DESIGN, SETTING, AND PARTICIPANTS: This was a multisite longitudinal cohort study with enrollment from over 30 US health care and community settings, including infants, toddlers, and preschool-aged children with and without SARS-CoV-2 infection history. Study data were analyzed from May to December 2024.
SARS-CoV-2 infection.
LC and 41 symptoms among infants/toddlers and 75 symptoms among preschool-aged children.
The study included 472 infants/toddlers (mean [SD] age, 12 [9] months; 278 infected with SARS-CoV-2; 194 uninfected; 234 male [50%]; 73 Black or African American [16%]; 198 Hispanic, Latino, or Spanish [43%]; 242 White [52%]) and 539 preschool-aged children (mean [SD] age, 48 [10] months; 399 infected with SARS-CoV-2; 140 uninfected; 277 female [51%]; 70 Black or African American [13%]; 210 Hispanic, Latino, or Spanish [39%]; 287 White [54%]). The median (IQR) time between first infections and completion of symptom surveys was 318 (198-494) days for infants/toddlers and 520 (330-844) days for preschool-aged children. A research index was derived for each age group based on symptoms most associated with infection history. The index is calculated by summing scores assigned to each prolonged symptom that was present, where higher scores indicate greater magnitude of association with history of SARS-CoV-2 infection: poor appetite (5 points), trouble sleeping (3.5 points), wet cough (3.5 points), dry cough (3 points), and stuffy nose (0.5 points) for infants/toddlers, and daytime tiredness/sleepiness/low energy (6.5 points) and dry cough (3 points) for preschool-aged children. Among infants/toddlers with infection, 40 of 278 (14%) were classified as having probable LC by having an index of at least 4 points. Among preschool-aged children, 61 of 399 (15%) were classified as having probable LC by having an index of at least 3 points. Participants with higher indices often had poorer overall health, lower quality of life, and perceived delays in developmental milestones.
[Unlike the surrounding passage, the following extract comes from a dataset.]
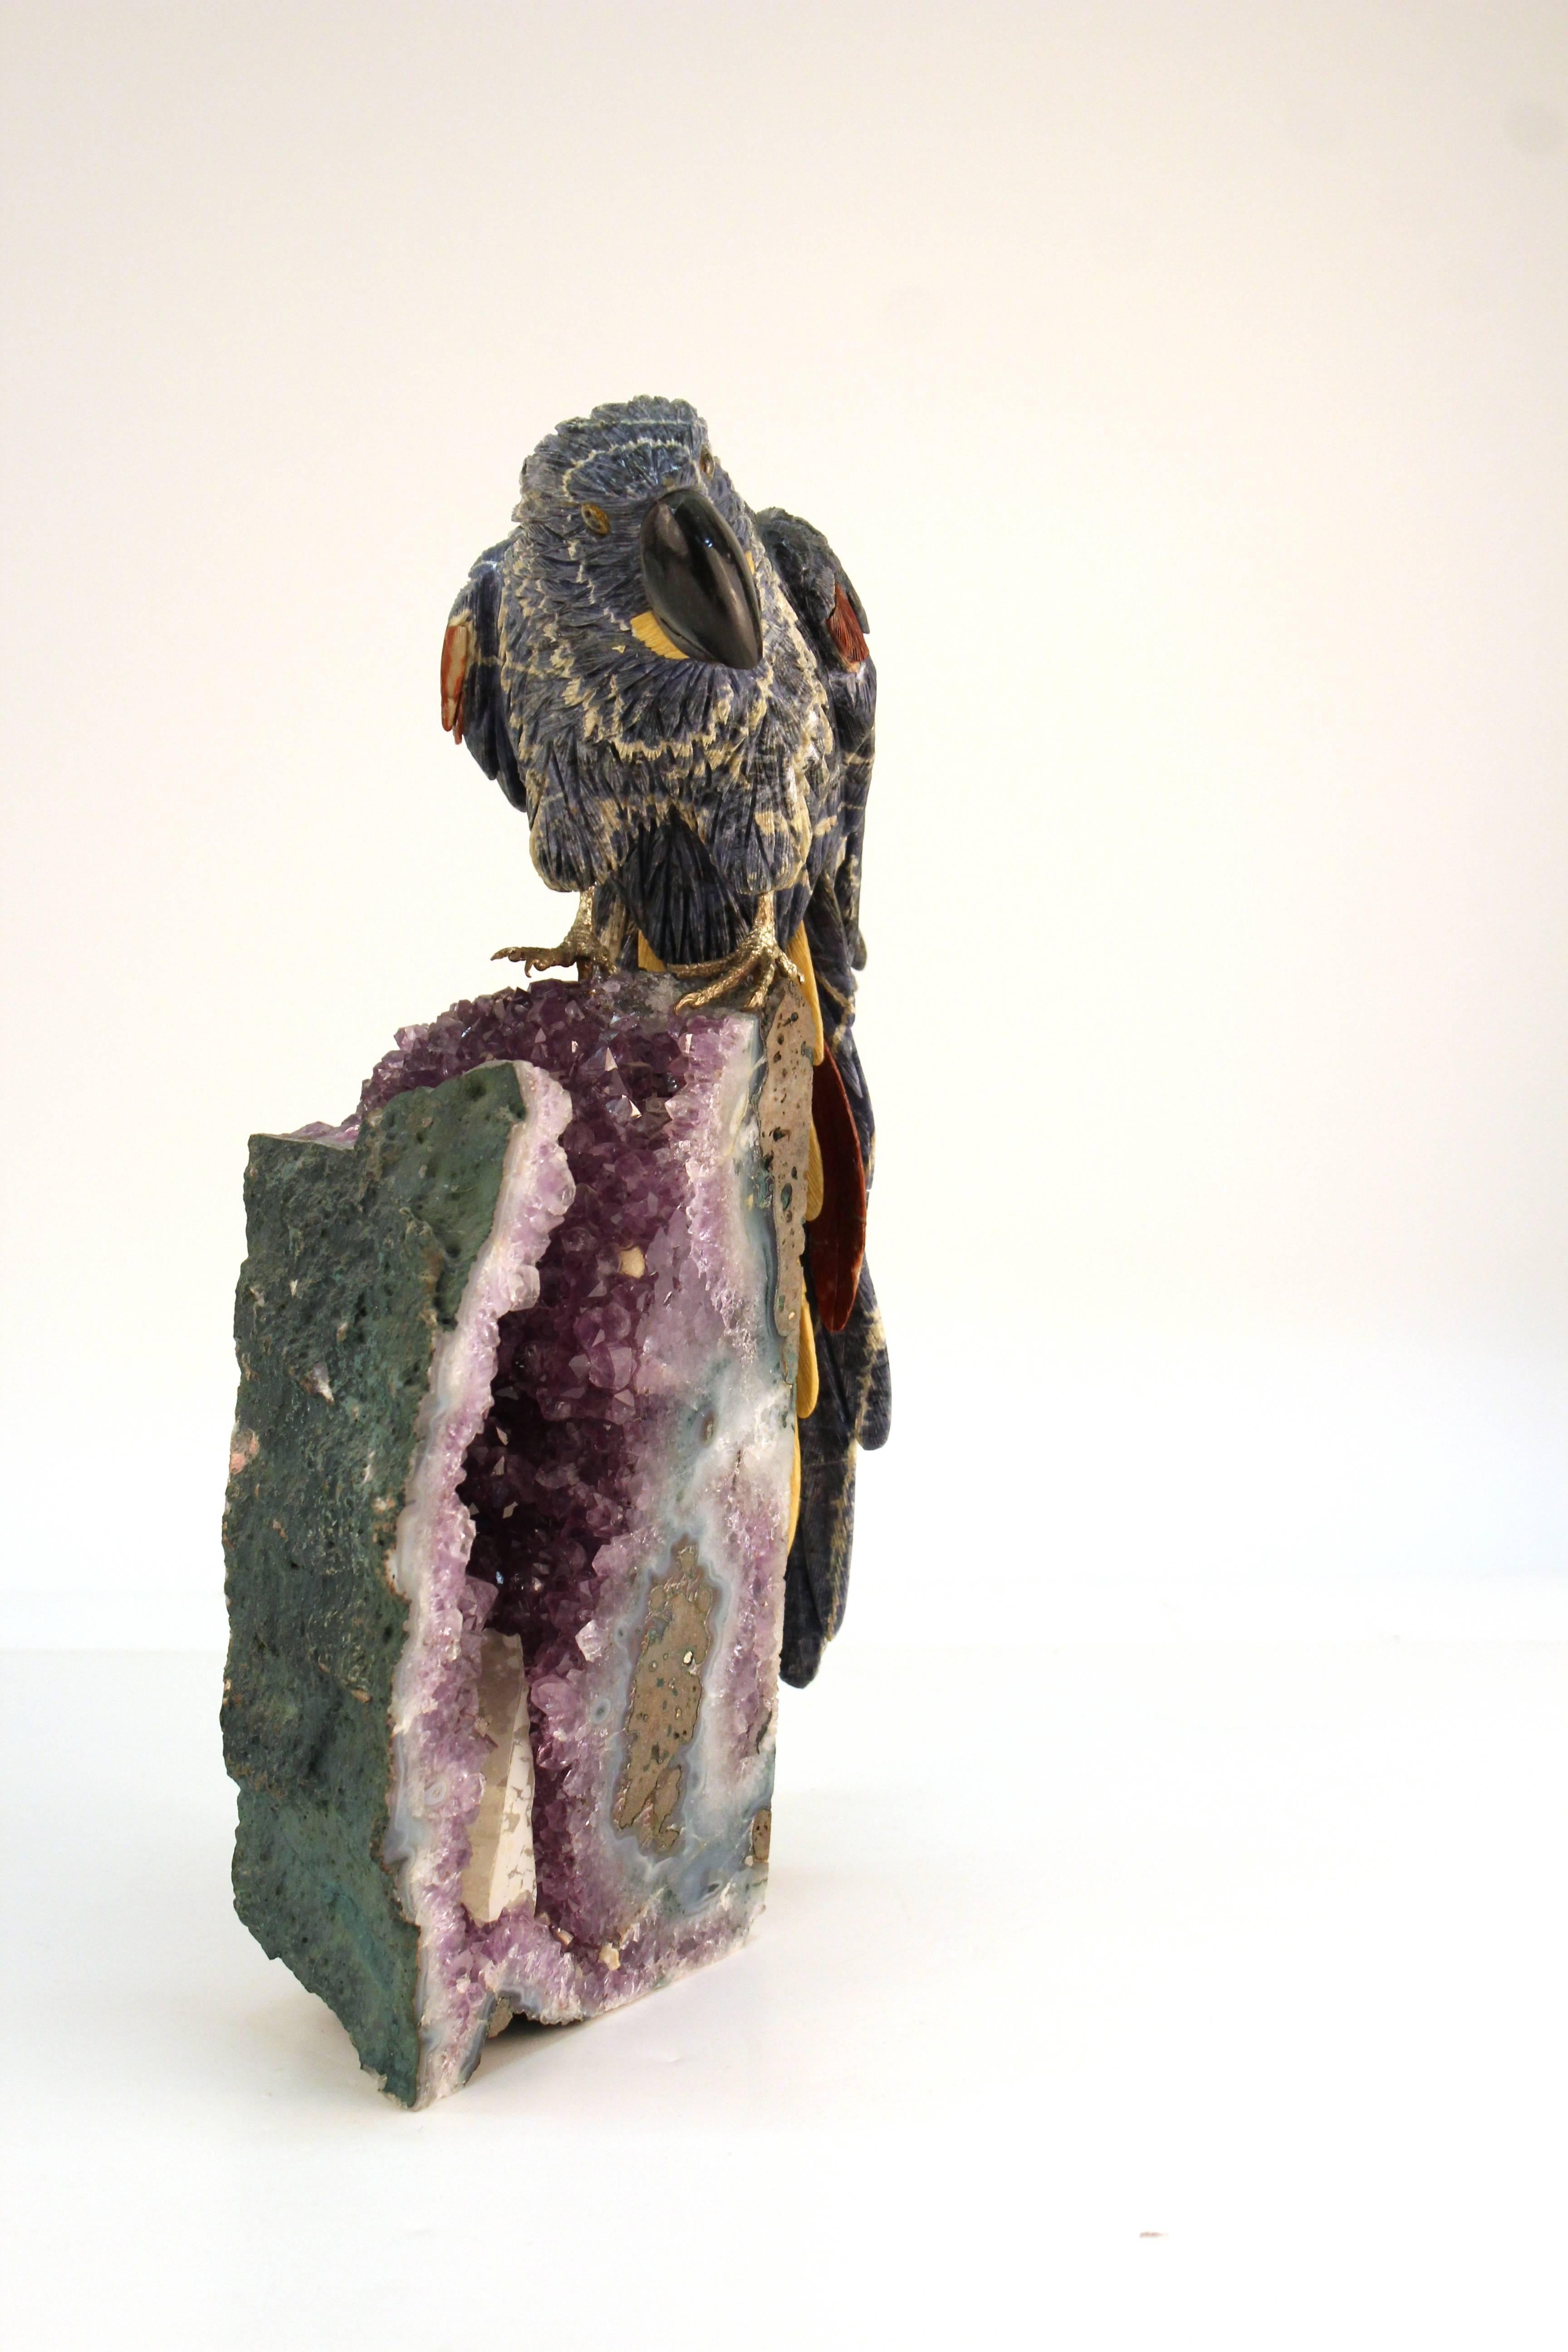 A sculpture with a large parrot crafted in different colored marbles and stones. The bird is mounted on a large piece of sliced amethyst crystal. Some small cracks and missing bits on the tip of the bird's feathers. In good condition appropriate to

This cohort study identified symptom patterns and derived research indices that were distinct between the 2 age groups and differed from those previously identified in older ages, demonstrating the need to characterize LC separately across age ranges.
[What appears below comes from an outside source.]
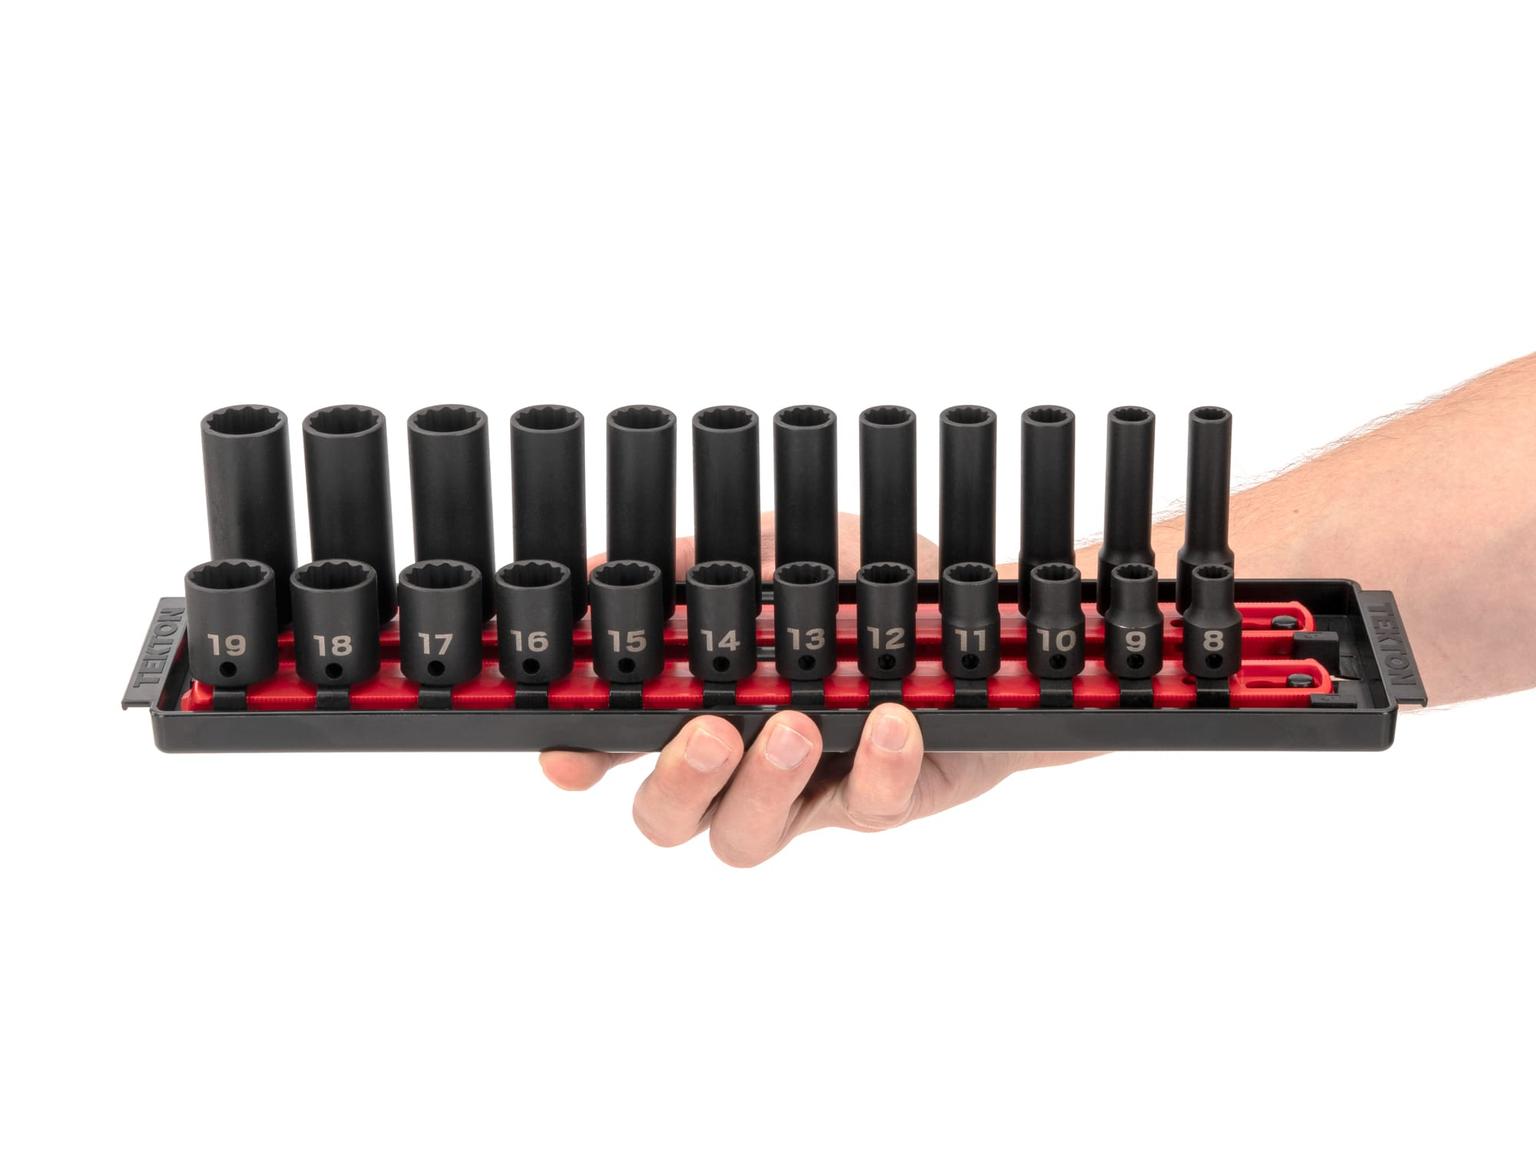 TEKTON SID91217-T 3/8 Inch Drive 12-Point Impact Socket Set with Rails, 42-Piece (5/16-3/4 in., 8-19 mm)

最近的研究已经确定了成人和5岁以上儿童长期新冠(LC)的特征性症状模式。然而,幼儿期的LC特征仍不明确。这一知识空白限制了在这一脆弱人群中识别、护理和预防LC的努力。
确定有SARS-CoV-2感染史的儿童与无感染史儿童在症状出现频率上差异最大的症状,确定不同年龄组(婴儿/幼儿[0 - 2岁]与学龄前儿童[3 - 5岁])症状类型的差异,并得出一个可用于研究以识别患有LC的幼儿的指标。
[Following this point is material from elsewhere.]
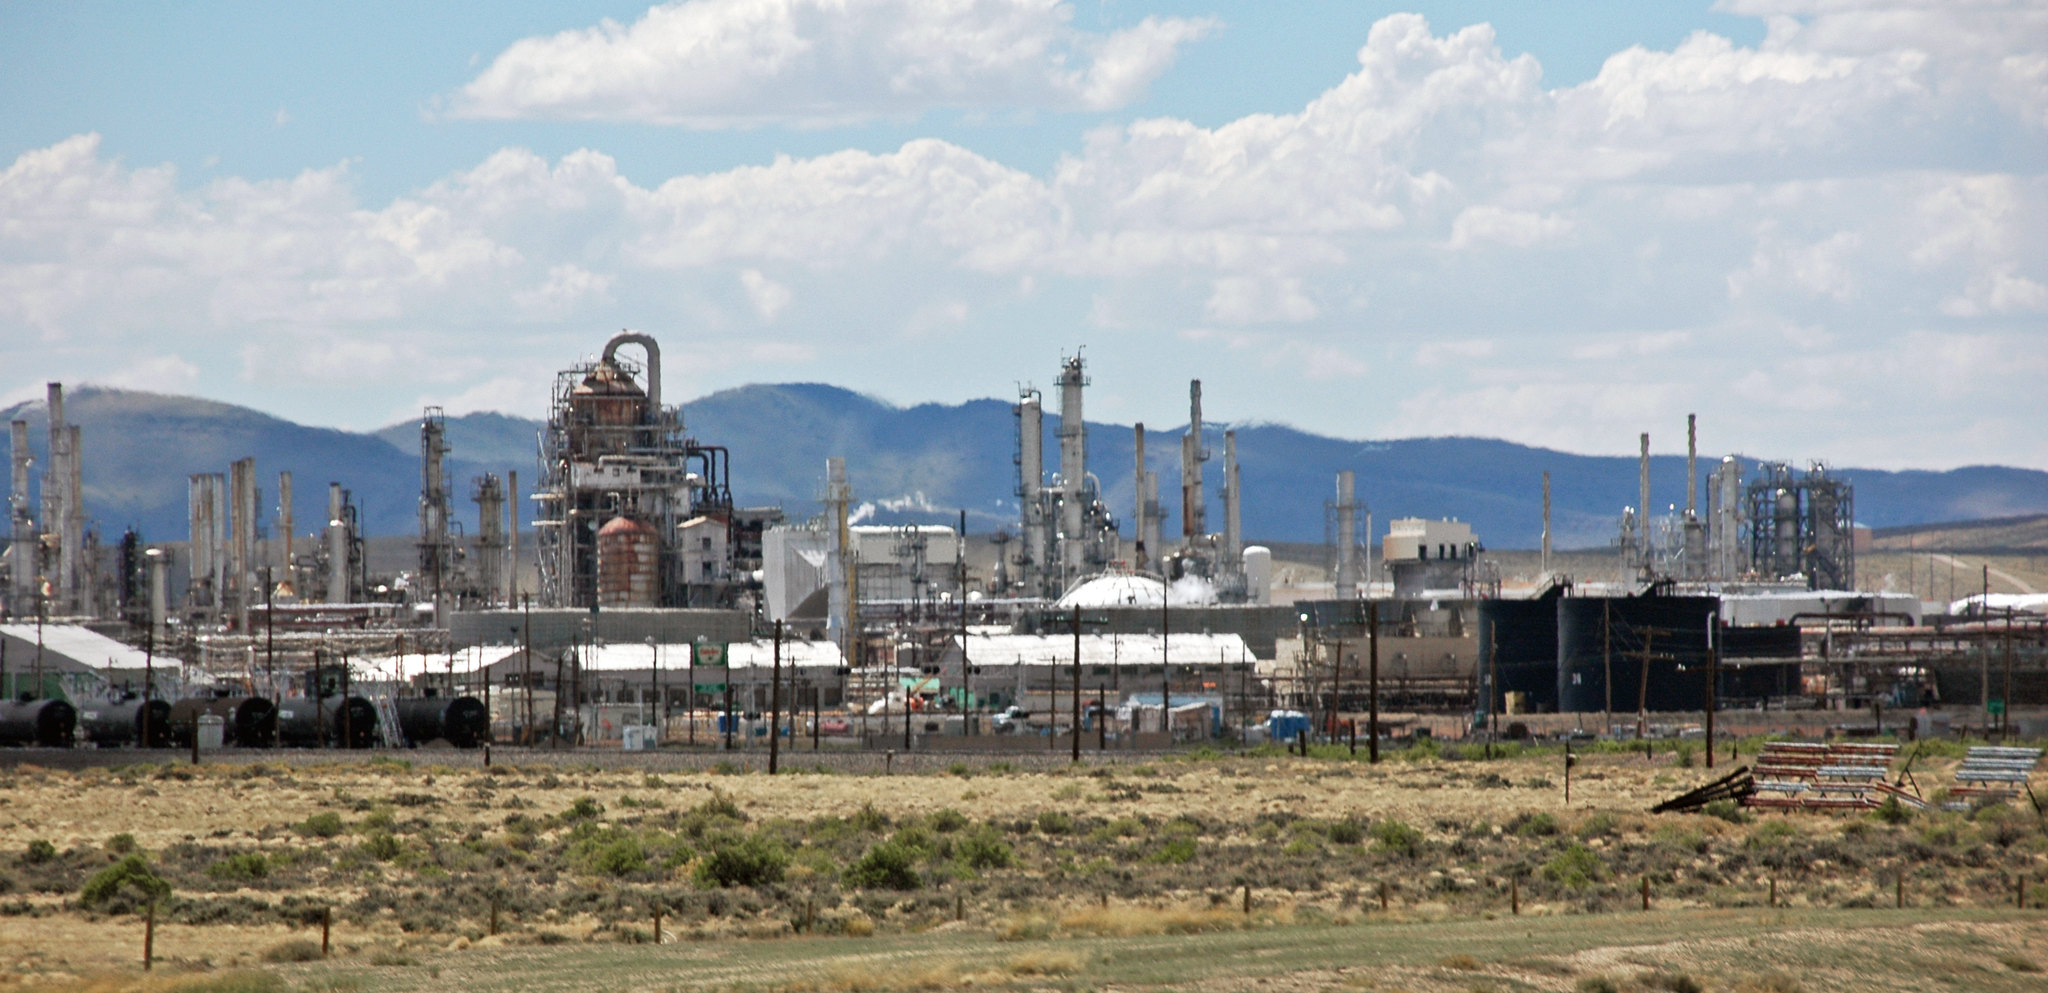 Photograph of the Sinclair oil refinery, Sinclair, Wyoming. The photo shows a cluster of structures in a flat field with hills rising in the background. The sky is blue with scattered clouds.

设计、背景和参与者:这是一项多地点纵向队列研究,招募来自美国30多个医疗保健和社区机构,包括有和无SARS-CoV-2感染史的婴儿、幼儿和学龄前儿童。研究数据于2024年5月至12月进行分析。
SARS-CoV-2感染。
婴儿/幼儿中的LC和41种症状,以及学龄前儿童中的75种症状。
该研究纳入了472名婴儿/幼儿(平均[标准差]年龄,12[9]个月;278名感染SARS-CoV-2;194名未感染;234名男性[50%];73名黑人或非裔美国人[16%];198名西班牙裔、拉丁裔或西班牙人[43%];242名白人[52%])和539名学龄前儿童(平均[标准差]年龄,48[10]个月;399名感染SARS-CoV-2;140名未感染;277名女性[51%];70名黑人或非裔美国人[13%];210名西班牙裔、拉丁裔或西班牙人[39%];287名白人[54%])。婴儿/幼儿首次感染与症状调查完成之间的中位(四分位间距)时间为318(198 - 494)天,学龄前儿童为520(330 - 844)天。根据与感染史最相关的症状为每个年龄组得出一个研究指标。该指标通过对每个存在的持续症状的得分求和来计算,得分越高表明与SARS-CoV-2感染史的关联程度越大:婴儿/幼儿中食欲不佳(5分)、睡眠困难(3.5分)、湿性咳嗽(3.5分)干咳嗽(3分)和鼻塞(0.5分),学龄前儿童中白天疲倦/嗜睡/精力不足(6.5分)和干咳(3分)。在有感染的婴儿/幼儿中,278名中有40名(14%)因指标至少为4分被归类为可能患有LC。在学龄前儿童中,399名中有61名(15%)因指标至少为3分被归类为可能患有LC。指标较高的参与者总体健康状况往往较差,生活质量较低,且发育里程碑有明显延迟。
这项队列研究确定了两个年龄组之间不同的症状模式并得出了研究指标,且与之前在较大年龄组中确定的不同,表明需要按年龄范围分别描述LC的特征。